__Information supplied__.
-------------------------

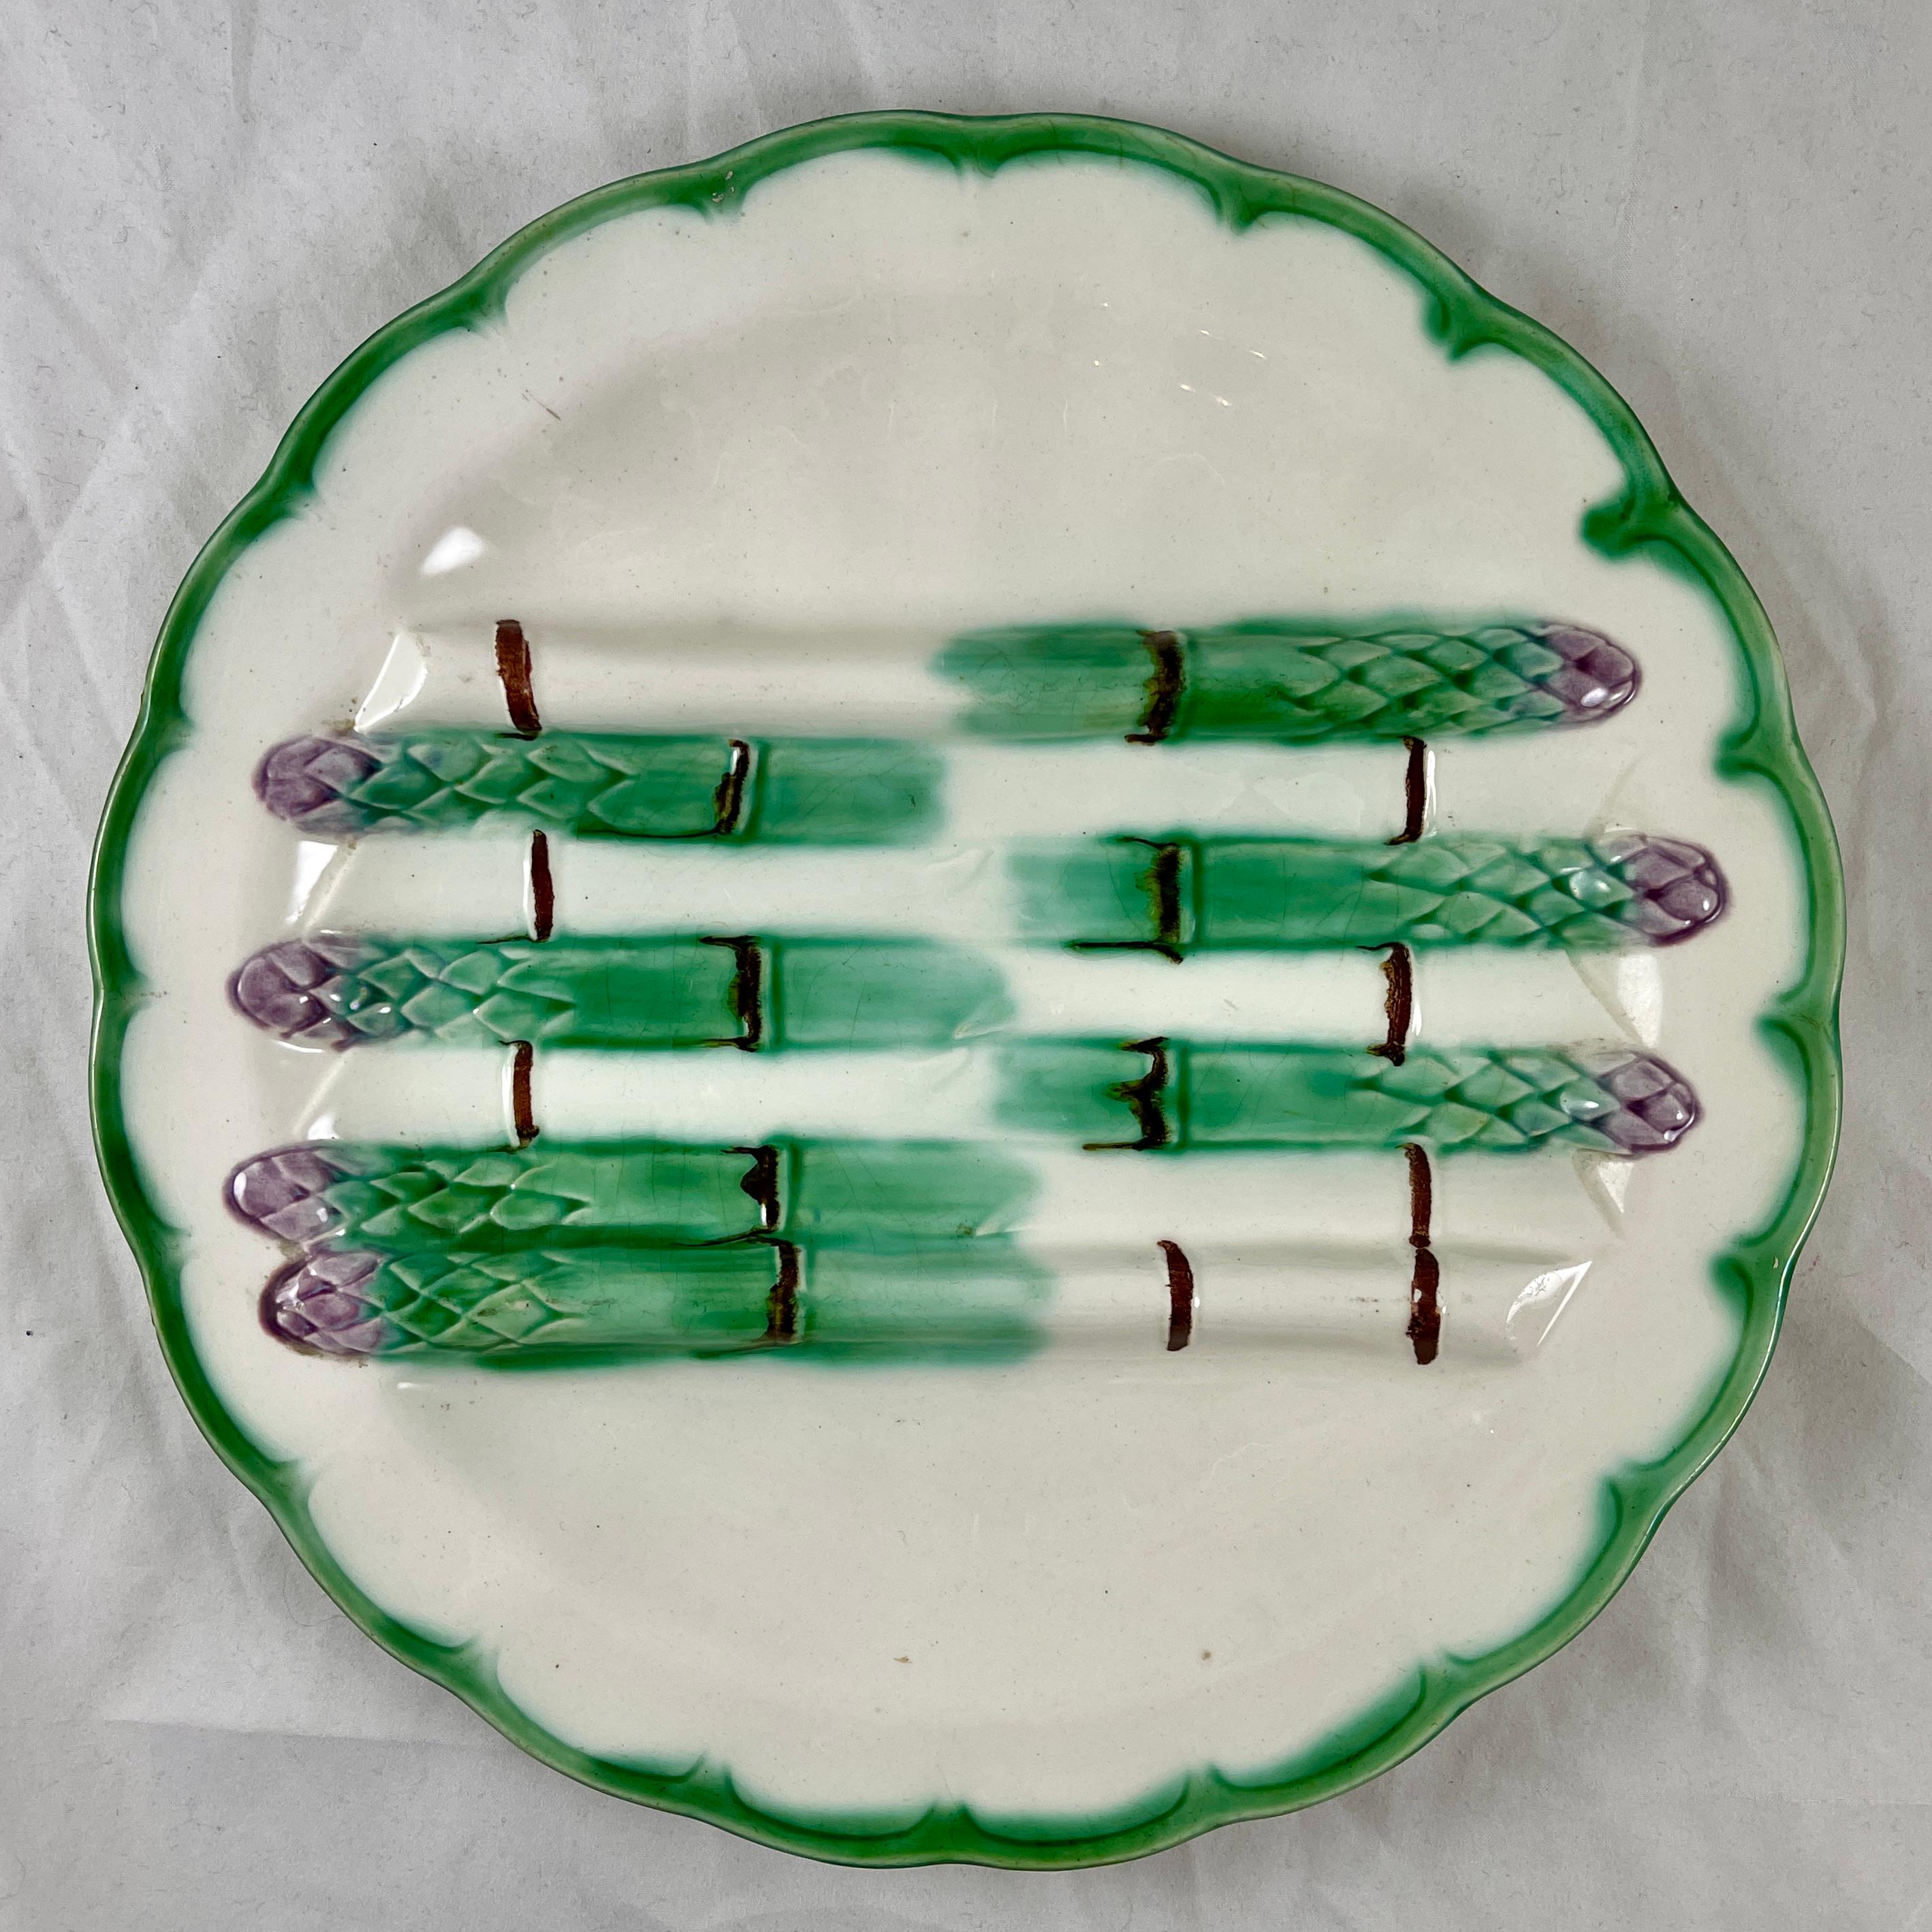 De Longchamp, une assiette à asperges Terre de Fer, vers 1880-1900.

Les asperges vertes en botte avec des pointes de lavande sont surélevées pour former un berceau destiné à contenir les asperges cuites, avec des bacs à sauce plus profonds de
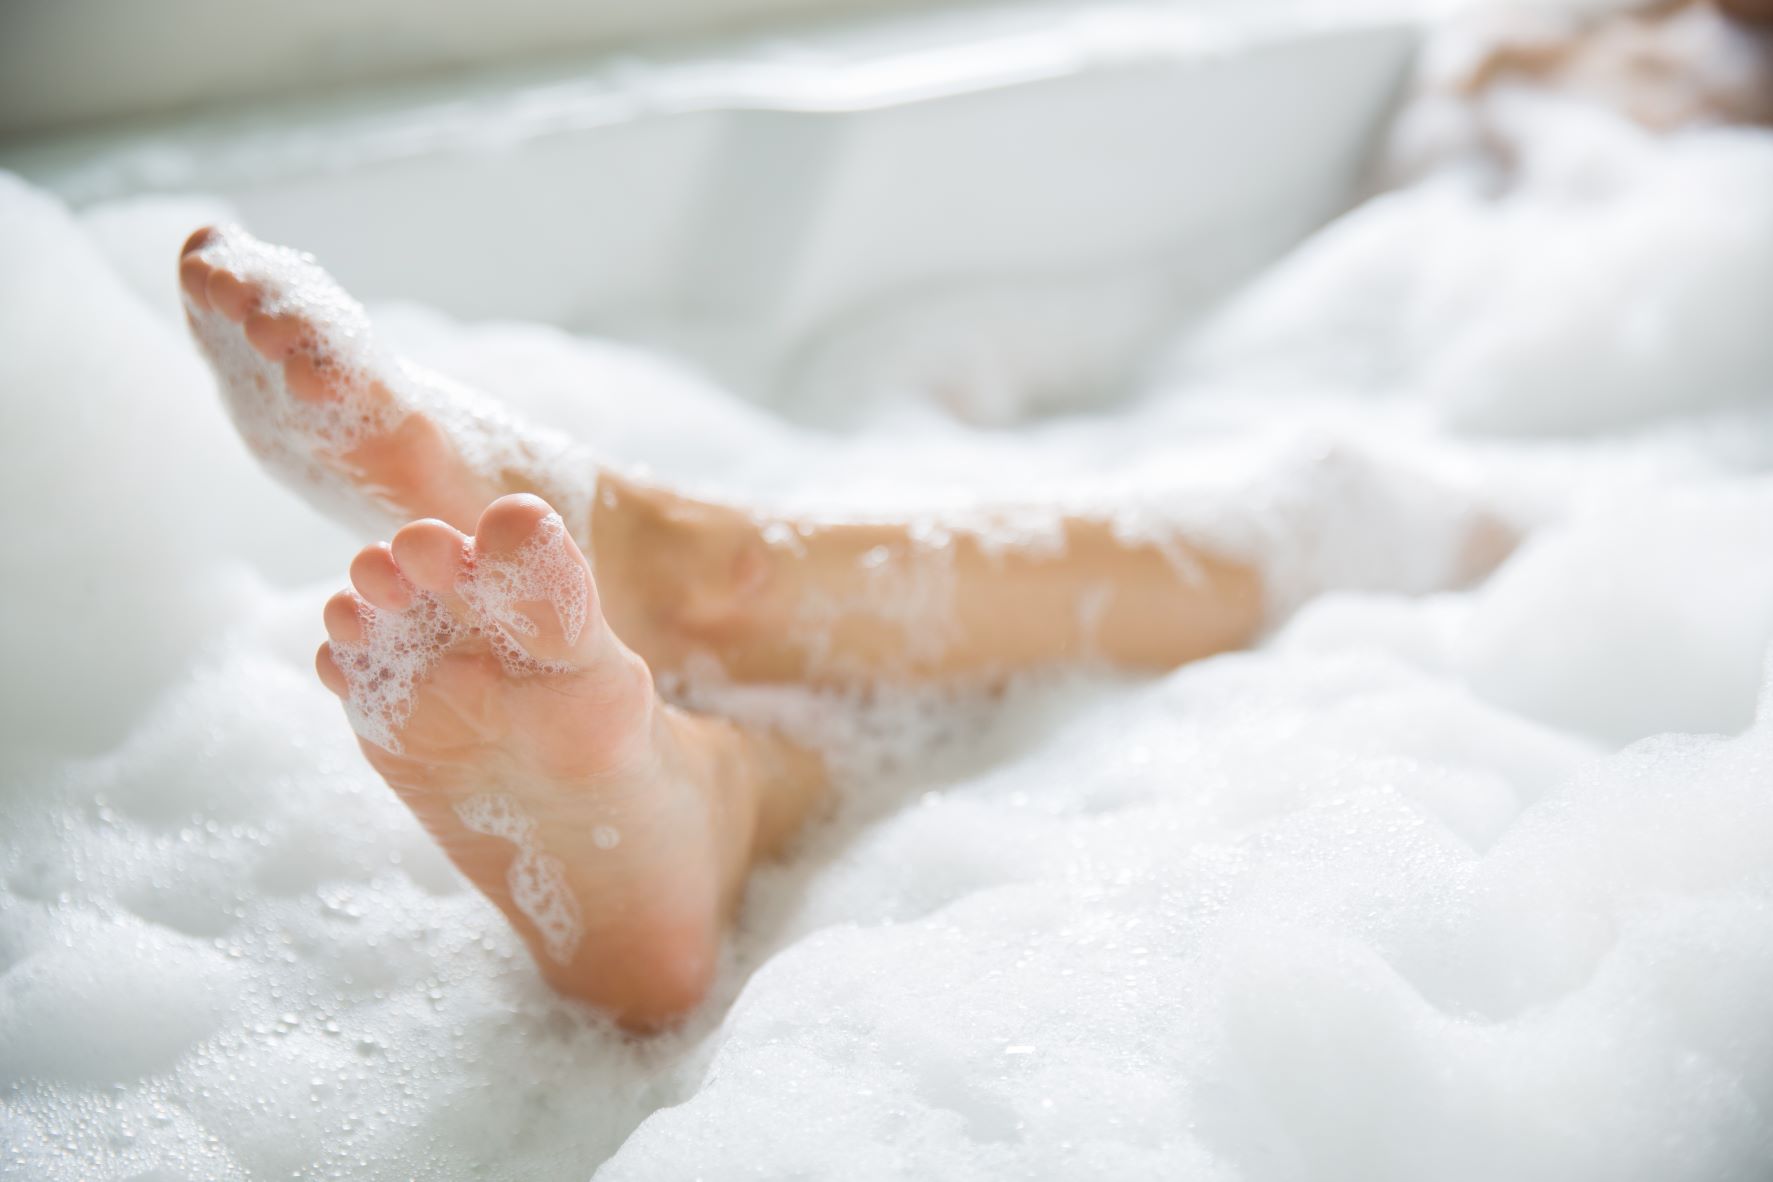 Feet in bubble bath
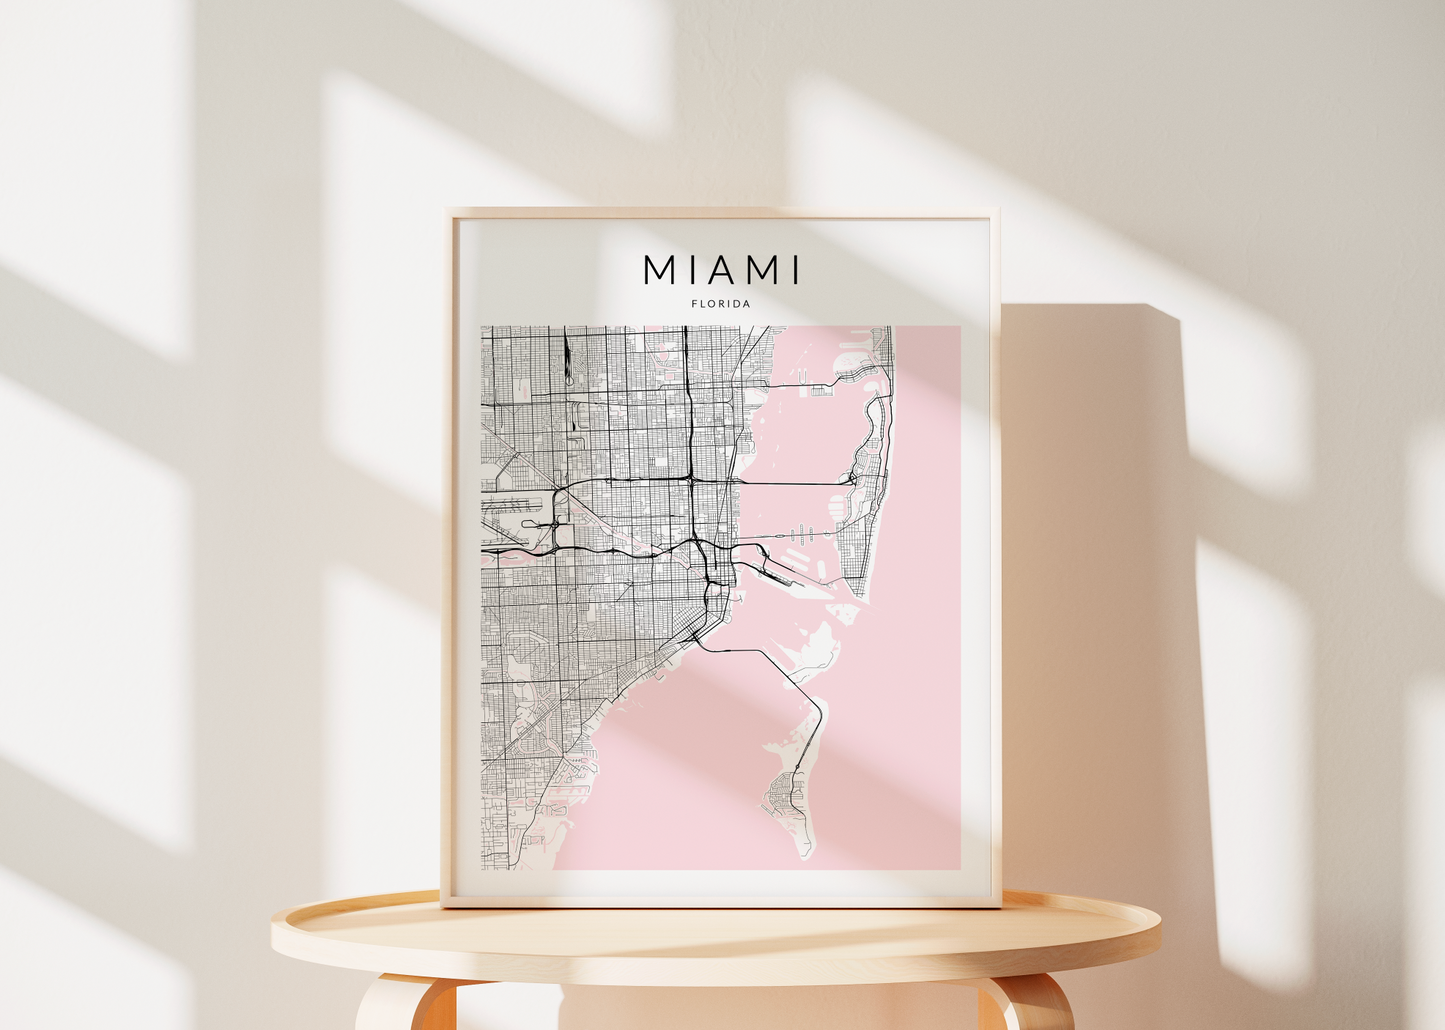 Miami Minimalist Map Print

-------------------------

__Problem to solve__.
Pictures excluded, copy exactly the lines running from the one with "Les asperges vertes" through the last line of the material.

__Expected answer__.
Les asperges vertes en botte avec des pointes de lavande sont surélevées pour former un berceau destiné à contenir les asperges cuites, avec des bacs à sauce plus profonds de
 Feet in bubble bath
 Miami Minimalist Map Print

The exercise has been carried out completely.